Prince al-Hassan bin Yahya Hamid al-Din (1908-2003)

Sayf al-Islam al-Hassan was the third son of Imam Yahya and took a prominent part in Yemeni politics for four decades.

He was born in the village of al-Qafla in Hashid territory northwest of Sana’a in 1908. His mother was Sharifa Huriya, the daughter of Sayf al-Islam Muhammad al-Mutawakkil. He began a traditional education with its strong Islamic and Arabic language orientation at al-Qafla and continued it in Sana’a when Ottoman rule, only nominal in many regions, finally ended in 1918.

In 1932 he was despatched by the Imam to the mountain of Barat to bring the tribes of Dhu Husayn and Dhu Muhammad under control.
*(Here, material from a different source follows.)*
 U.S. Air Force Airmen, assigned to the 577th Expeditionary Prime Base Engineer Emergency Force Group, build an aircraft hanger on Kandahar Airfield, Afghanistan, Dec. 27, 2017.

In the late 1930s, al-Hassan was appointed Governor of Ibb Province and remained in this post until the abortive revolt led by Sayyid Abdullah al-Wazir in 1948. Al-Hassan was one of the leaders of the counter-revolution, and Imam Ahmad appointed him his Prime Minister and Governor of Sana’a. The two brothers, however, fell out over the Imam’s decision to nominate his son Muhammad al-Badr as Crown Prince. Al-Hassan considered that al-Badr was insufficiently learned and that his life-style did not conform to strict Zaydi principles, views which he expressed in the official newspaper al-Iman. Imam Ahmad was enraged and sent al-Hassan abroad. After the rebellion of their brother Abdullah in March 1955, in which the Imam quite unjustifiably suspected al-Hassan of being implicated, the latter was stripped of his position as Prime Minister and appointed head of the Yemeni delegation to the United Nations.

It was in New York, therefore, that al-Hassan heard the news of the 26 September Revolution in Sana’a and the alleged death of the new Imam, Muhammad al-Badr. He proclaimed himself Imam and travelled to Saudi Arabia to organise resistance against the new republic from the north. When he learnt that al-Badr was, in fact, alive and had escaped from Sana’a, he immediately withdrew his claim to the imamate. Al-Hassan, together with the other princes, sunk their differences and rallied around al-Badr. For the next four years he was in charge of military operations in the province of Sa’da, while at the same time serving as al-Badr’s Prime Minister. His courage, prowess and skill in mortar-fire are well-known. By 1968, however, he had to withdraw from the conflict due to bronchial problems.

Al-Hassan spent the last three decades of his life in the USA and in Saudi Arabia where many of his relatives were living. He died in Jedda on 13 June 2003 and was buried the following day in Medina.

He married four times and two of his wives survive him. He had seven sons, two of whom predeceased him: al-Husayn who, only a young boy was machine gunned with Imam Yahya in 1948; and Abdullah who was shot dead in an ambush in July 1969.